As President Coolidge neared the close of his message before the Fourteenth Meeting of the Business Organization of the Government, he surveyed the challenges of the coming year. The first of these was in keeping Budget expenditures below the $3.3 billion allotted for that purpose. Estimates already held figures well within that mark, but it would be up to the men and women of the Executive Branch to make that goal a reality before the end of the next fiscal year. As they all knew well, plans and estimations are great but they need the daily adherence to constructive principles if they are to become anything more than numbers on the page of a Government report. On this basis Coolidge encouraged those present that night that constructive economy was “not a policy of negation.” On the contrary, he asserted,

“It calls for positive action…It looks ahead. It undertakes to make plans to-day for the needs of to-morrow. It is because of care in expenditure that the surplus has been accumulated which reduced our debt, which cut down our interests, which gave relief from taxation, and which has still left a margin for public buildings, for internal improvements, for national defense. All of this is preeminently constructive. As I indicated at the outset, it has brought brighter opportunities to every home in the land. If there is any one thing on which the people of this Nation should insist, it is the continuation of this policy in the handling of their national finances.”

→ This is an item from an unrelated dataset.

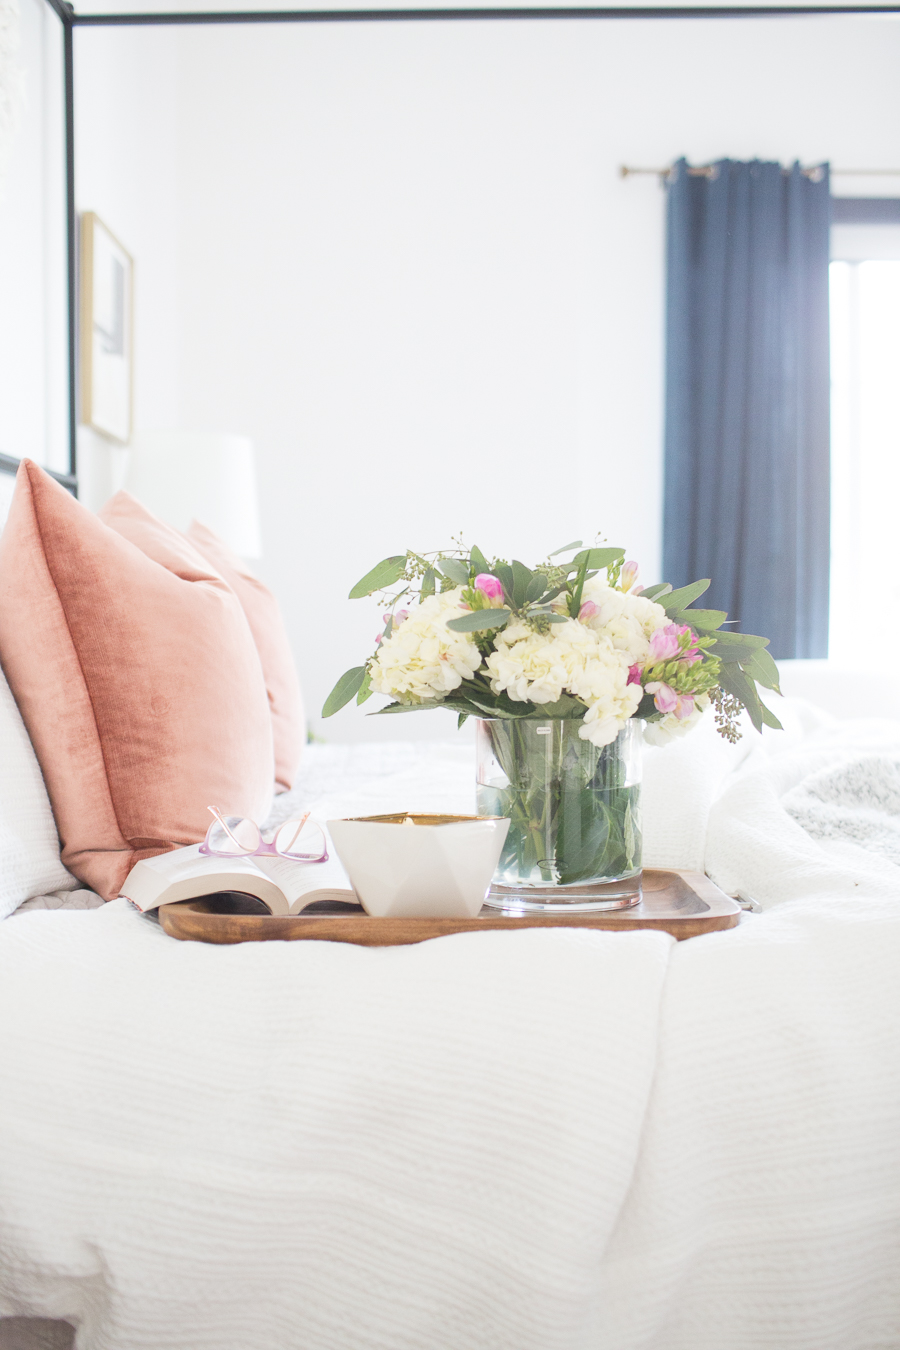 Refresh Your Master Bedroom and Bath with Pottery Barn floral arrangement on wooden tray with an open book and reading glasses sitting on white bedding

This made cooperation and coordination between the departments and the Budget Bureau all the more essential. This was not a work turned over the consultants or highly-paid experts from outside institutions, it was carried out to completion by the people already employed in public service. Those responsible for coordinating between the various offices and the President, as his representatives, deserved all the encouragement and credit that is due their difficult charge. These coordinators were among many to whom a full appreciation to all “who have contributed to the success of the efforts for the orderly financing of our national revenues under the Budget system” would be impossible to catalog. None of this would have been successful had it not been for the people themselves, insisting on its implementation year after year, Coolidge reiterated. One wonders if the same energy had been behind Budget discipline today as was the case then, would we be on the way to paying down an even more astronomical debt than Coolidge ever imagined? Still, it is needful to remember that the adherence to the Budget system was not a one-man operation.

President Coolidge concludes his address recognizing those who were fighting relentlessly to keep us living within our means. Not merely given to lip service, dreaming for it without ever acting to achieve it, there were men in both the House and Senate with the courage to carry out the vision of President Coolidge when it came to constructive economy. These men, Representative Madden and Senator Warren, were matched only by Cal’s Budget Bureau Director, General Herbert M. Lord, commended “because he has had the judgment to say yes when the facts warranted and the courage to say no when the facts warranted.” His experience, clarity of mind, and ability made him central to the success of Coolidge’s program year after year just as General Washington was crucial to the triumph of American Independence. As 1928 dawned and some began to question why these meetings kept going, Coolidge anticipated their protests and furnished abundant answer to their objections. The Coolidge program would roar forward into the new year with a clear grasp of what it was there to do and how it benefited the country immeasurably.